#### [Extracted data]

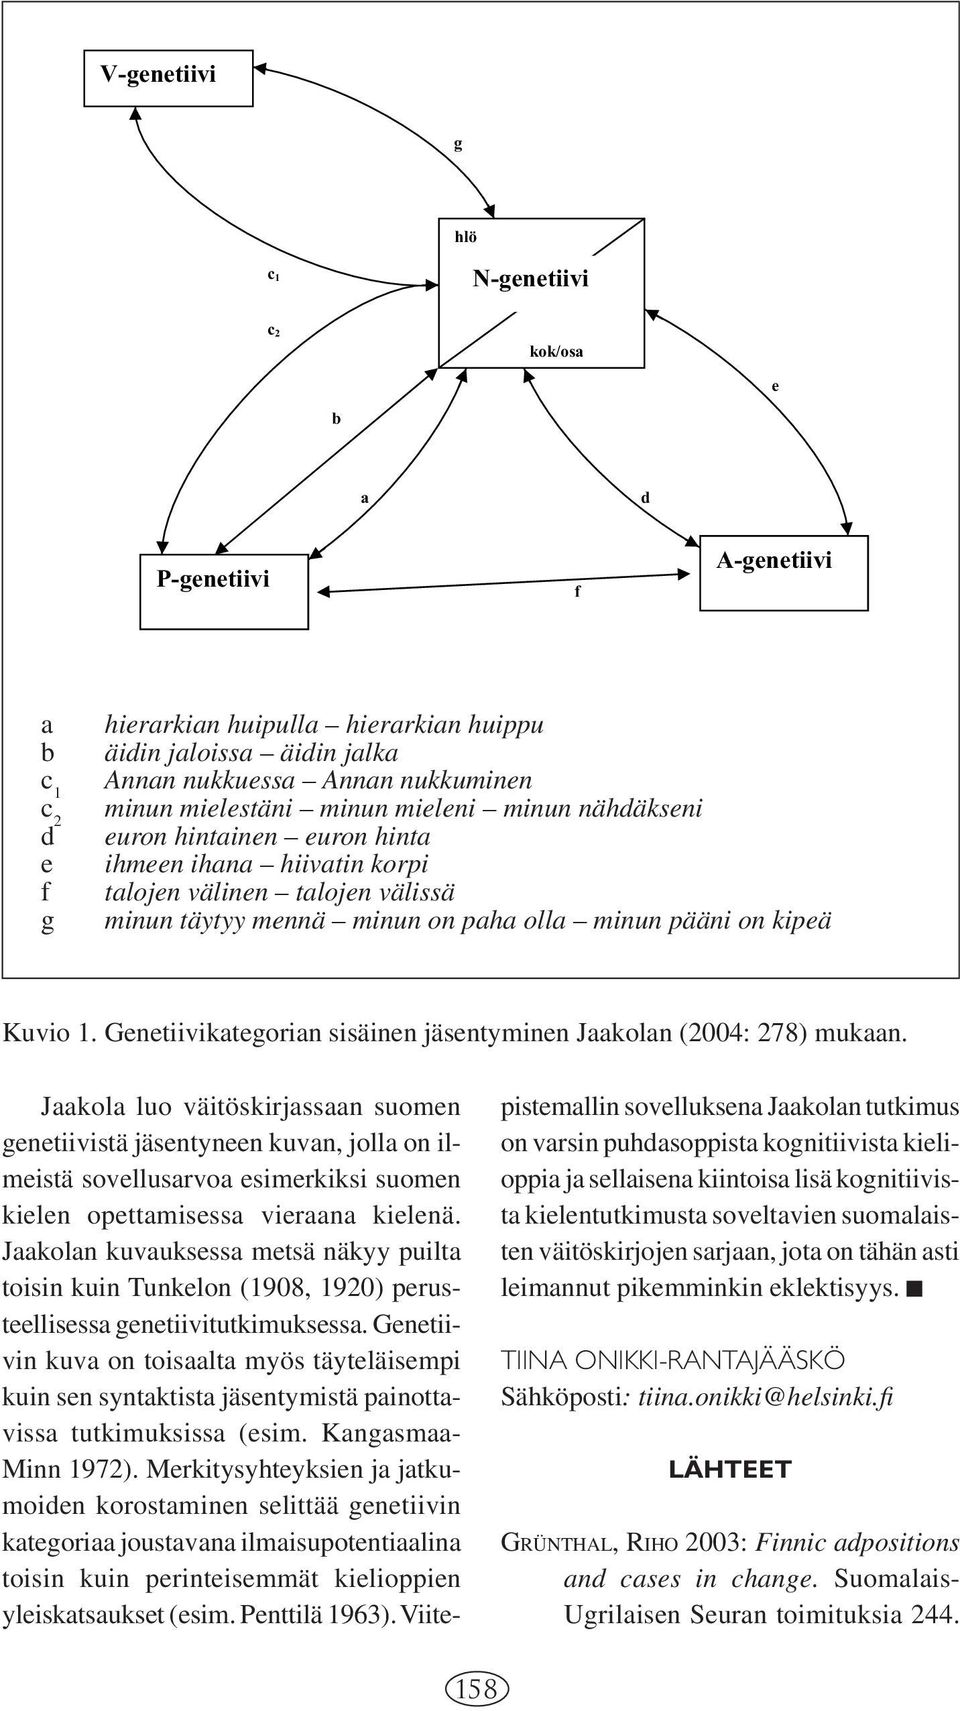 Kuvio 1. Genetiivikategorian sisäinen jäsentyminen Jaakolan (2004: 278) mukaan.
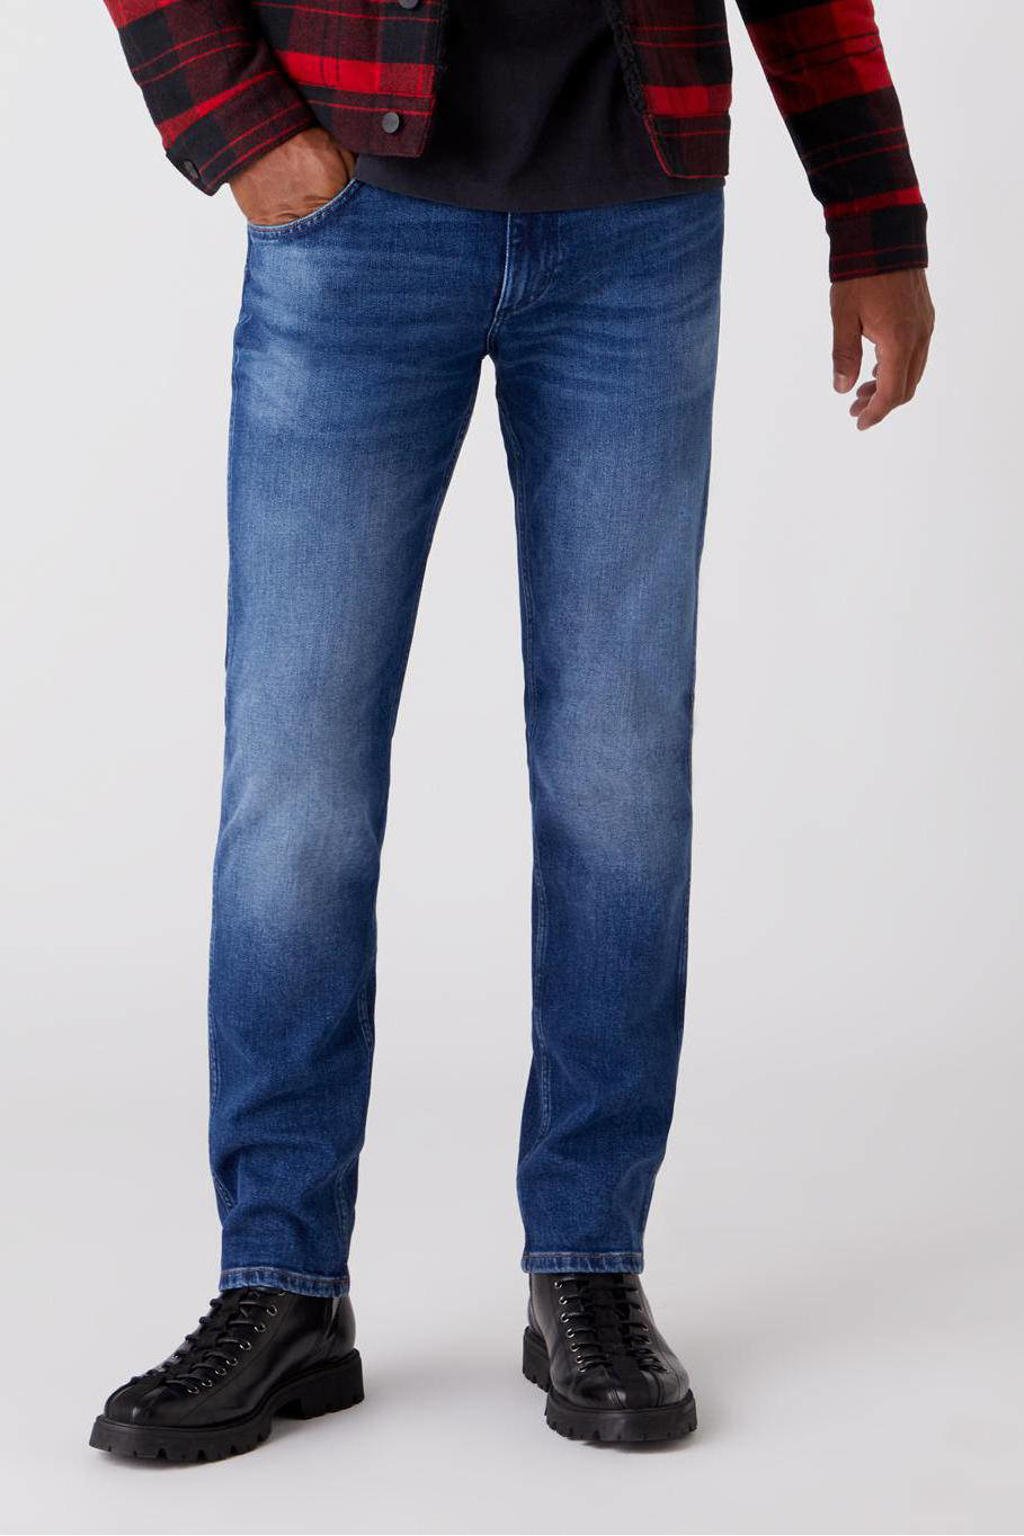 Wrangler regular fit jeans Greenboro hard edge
...
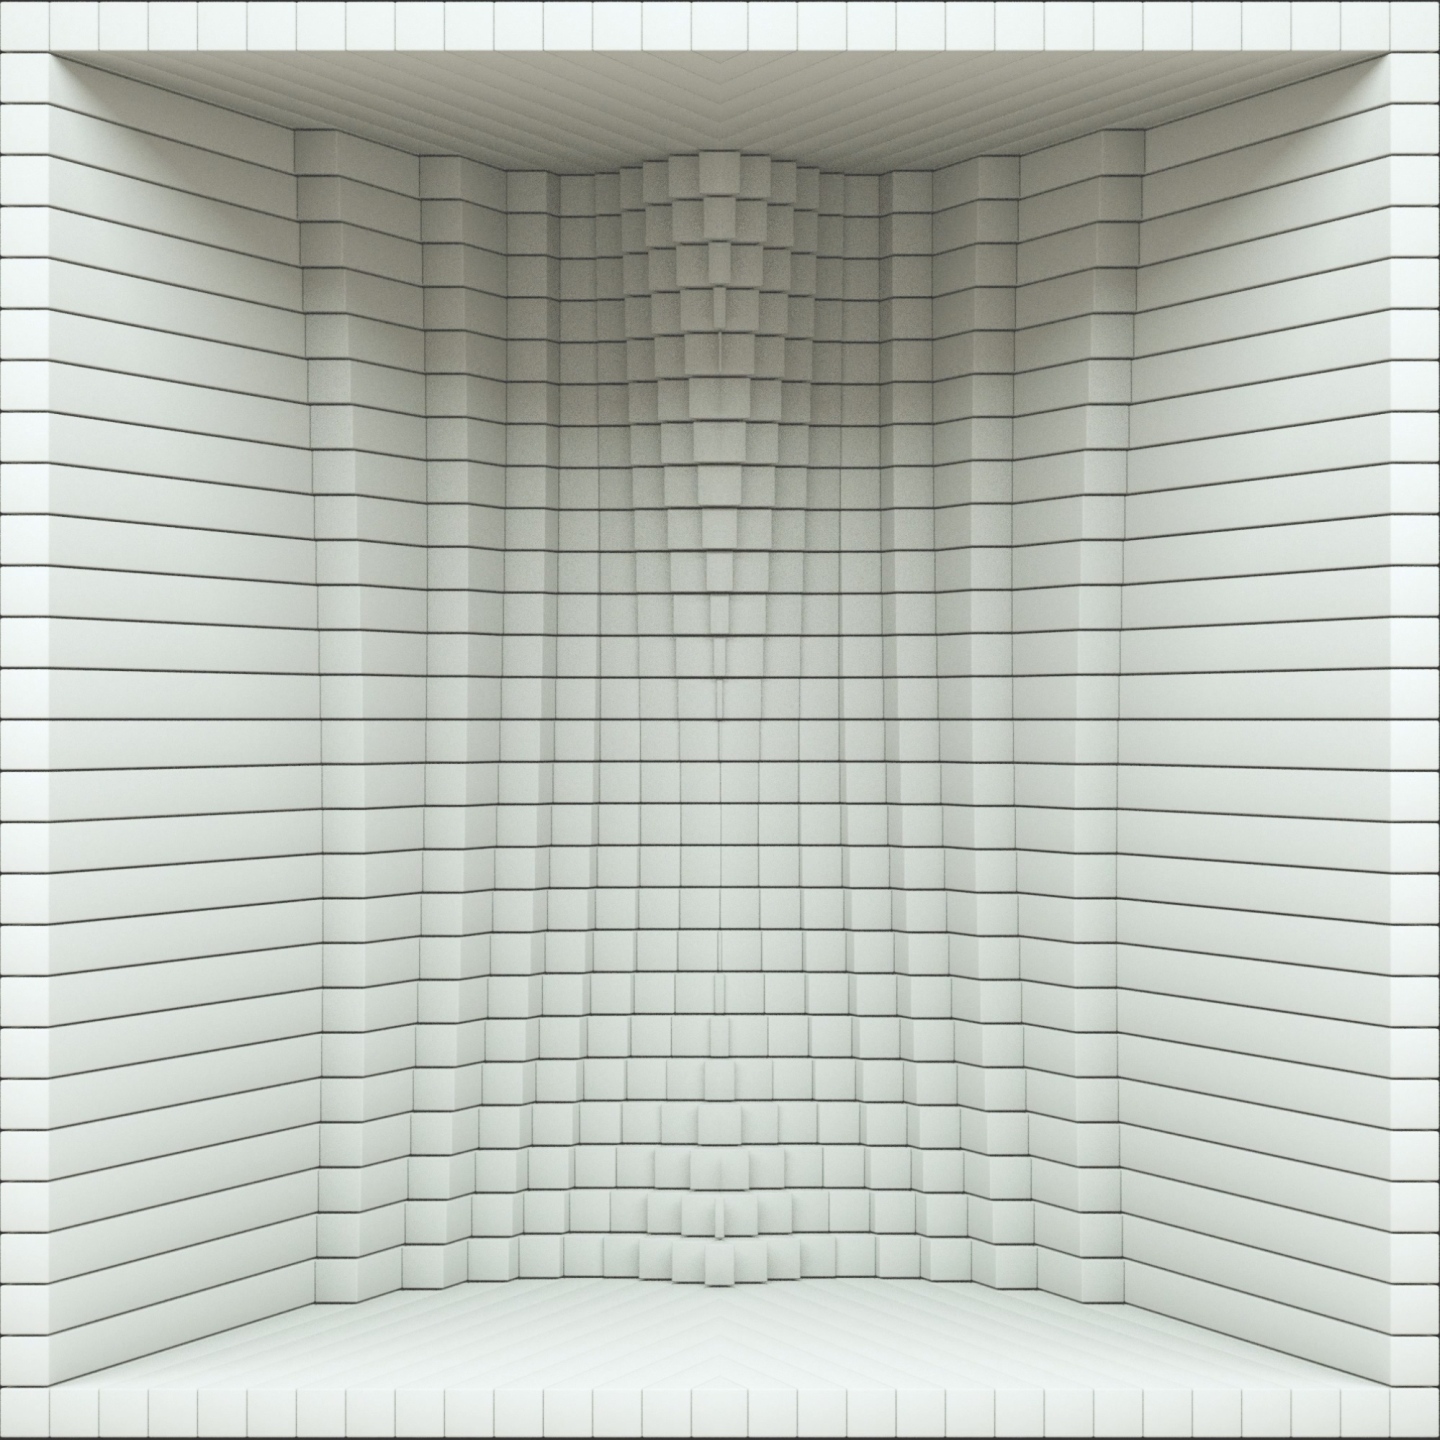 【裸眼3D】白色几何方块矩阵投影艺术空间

#### [Task prompt]
What you need to produce is an exact copy of the entries above, limited to the lines from the one with "Kuvio 1. Genetiivikategorian" up to and including the one with "Wrangler regular fit", without pictures.

#### [Task answer]
 Kuvio 1. Genetiivikategorian sisäinen jäsentyminen Jaakolan (2004: 278) mukaan.
 Wrangler regular fit jeans Greenboro hard edge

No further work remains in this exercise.